- **INFORMATION PROVIDED**:
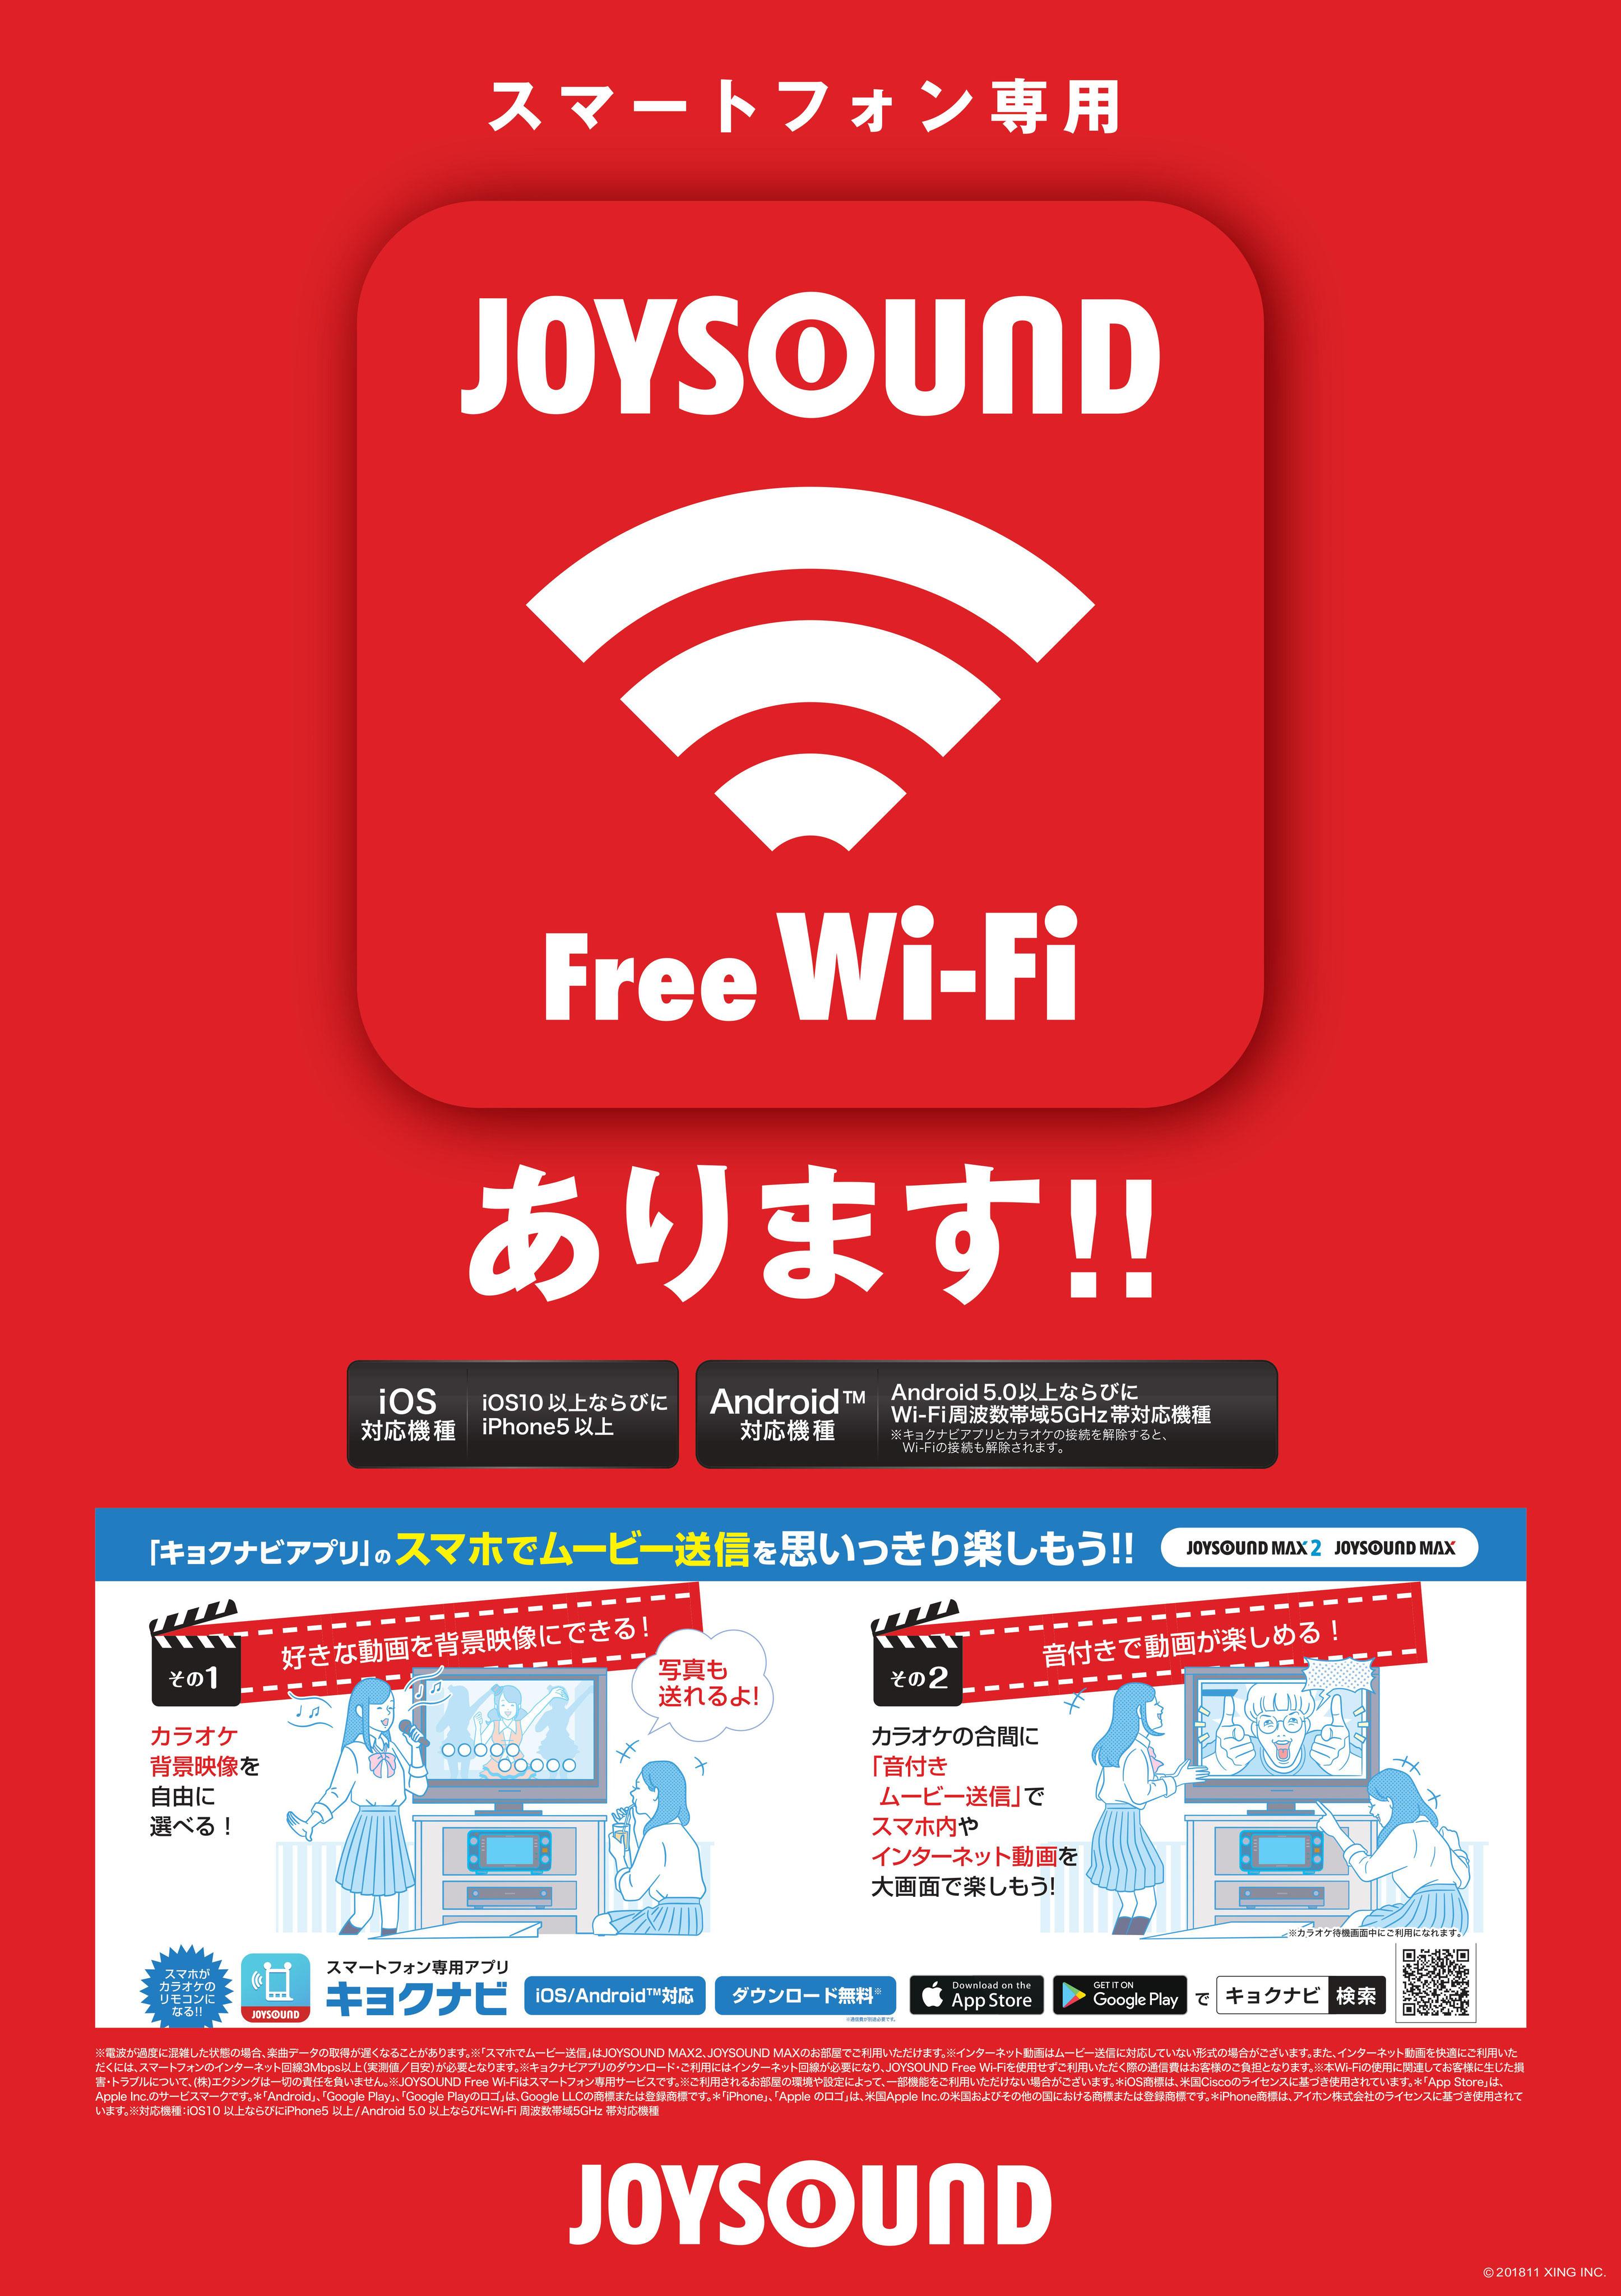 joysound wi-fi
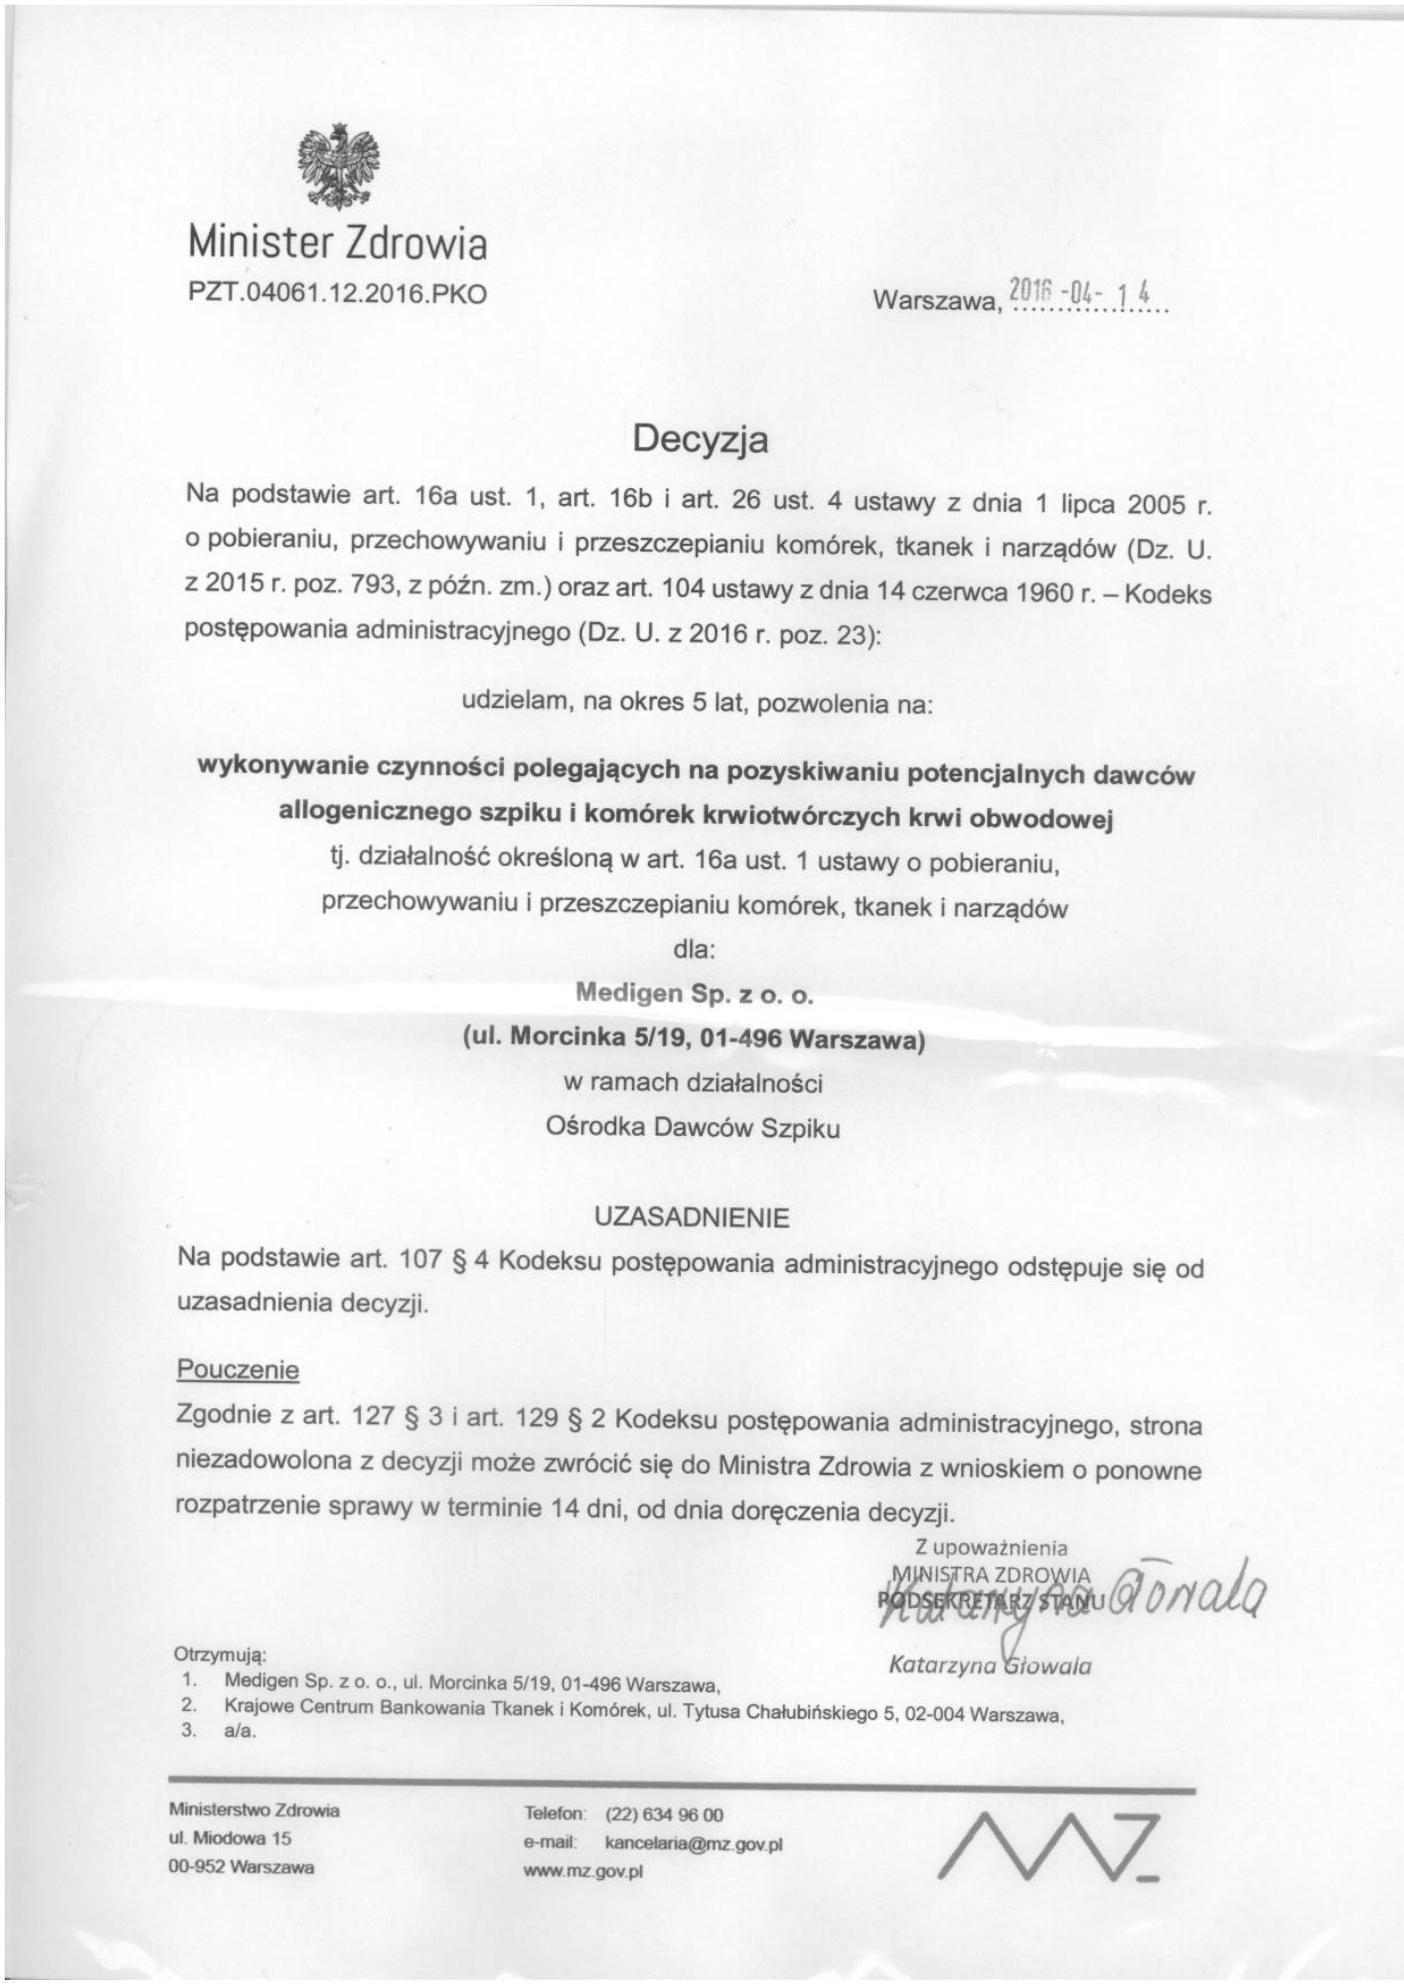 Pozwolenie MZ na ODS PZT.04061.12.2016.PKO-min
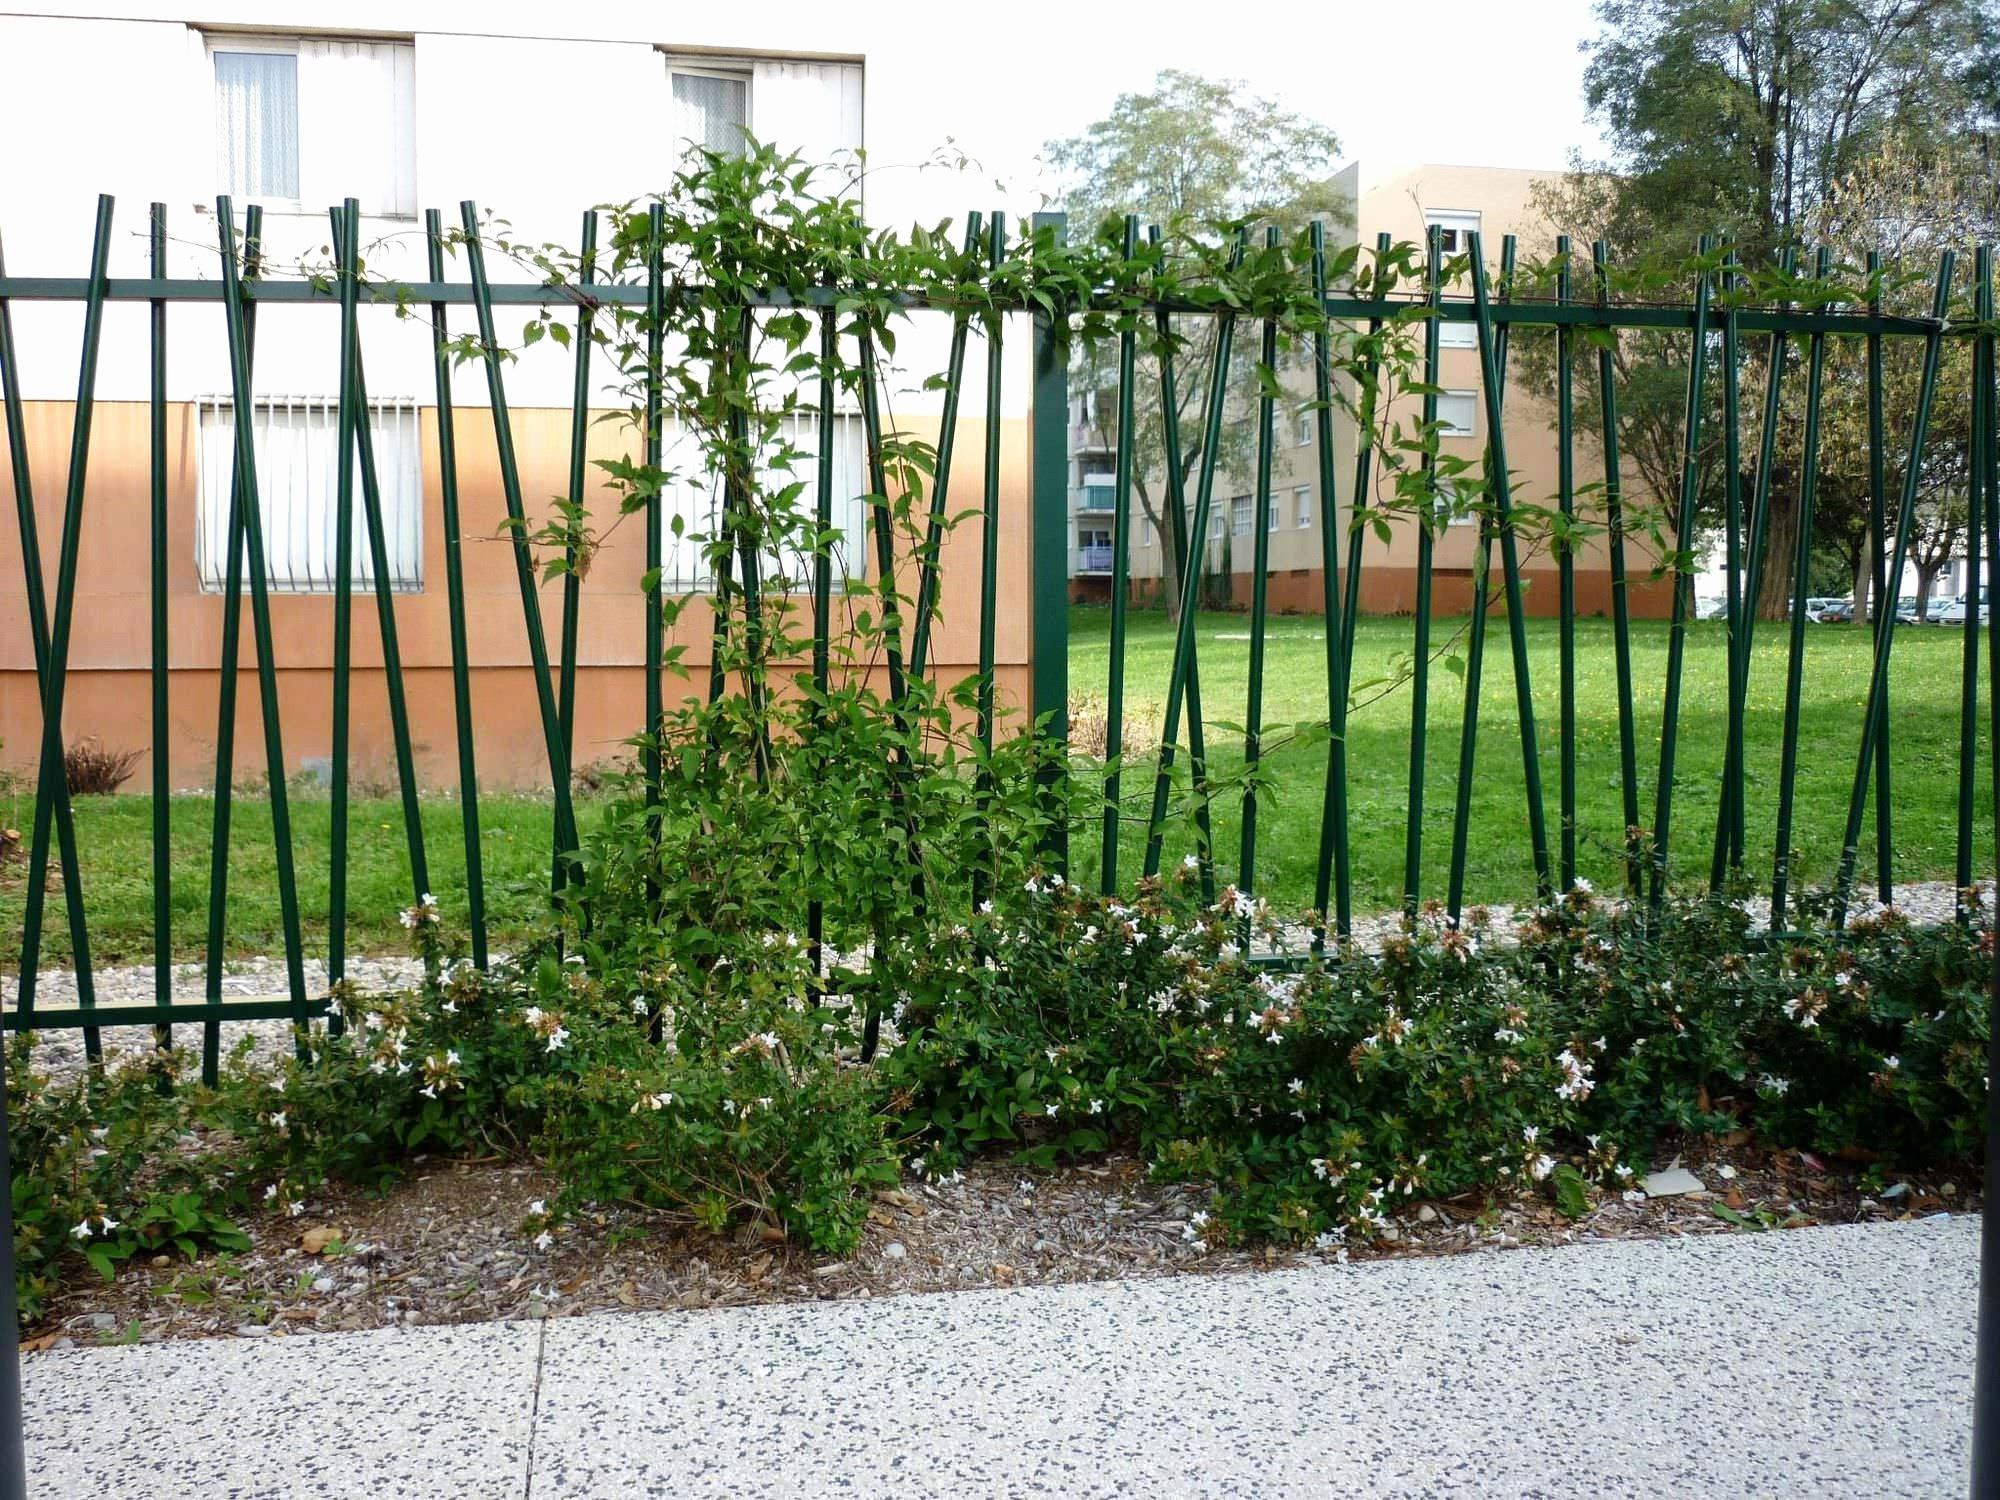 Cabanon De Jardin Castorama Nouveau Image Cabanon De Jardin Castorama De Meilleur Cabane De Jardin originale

- **DIRECTIONS**: With the pictures excluded, restate the material exactly as it stands.

- **FINAL ANSWER**:
 joysound wi-fi
 Pozwolenie MZ na ODS PZT.04061.12.2016.PKO-min
 Cabanon De Jardin Castorama Nouveau Image Cabanon De Jardin Castorama De Meilleur Cabane De Jardin originale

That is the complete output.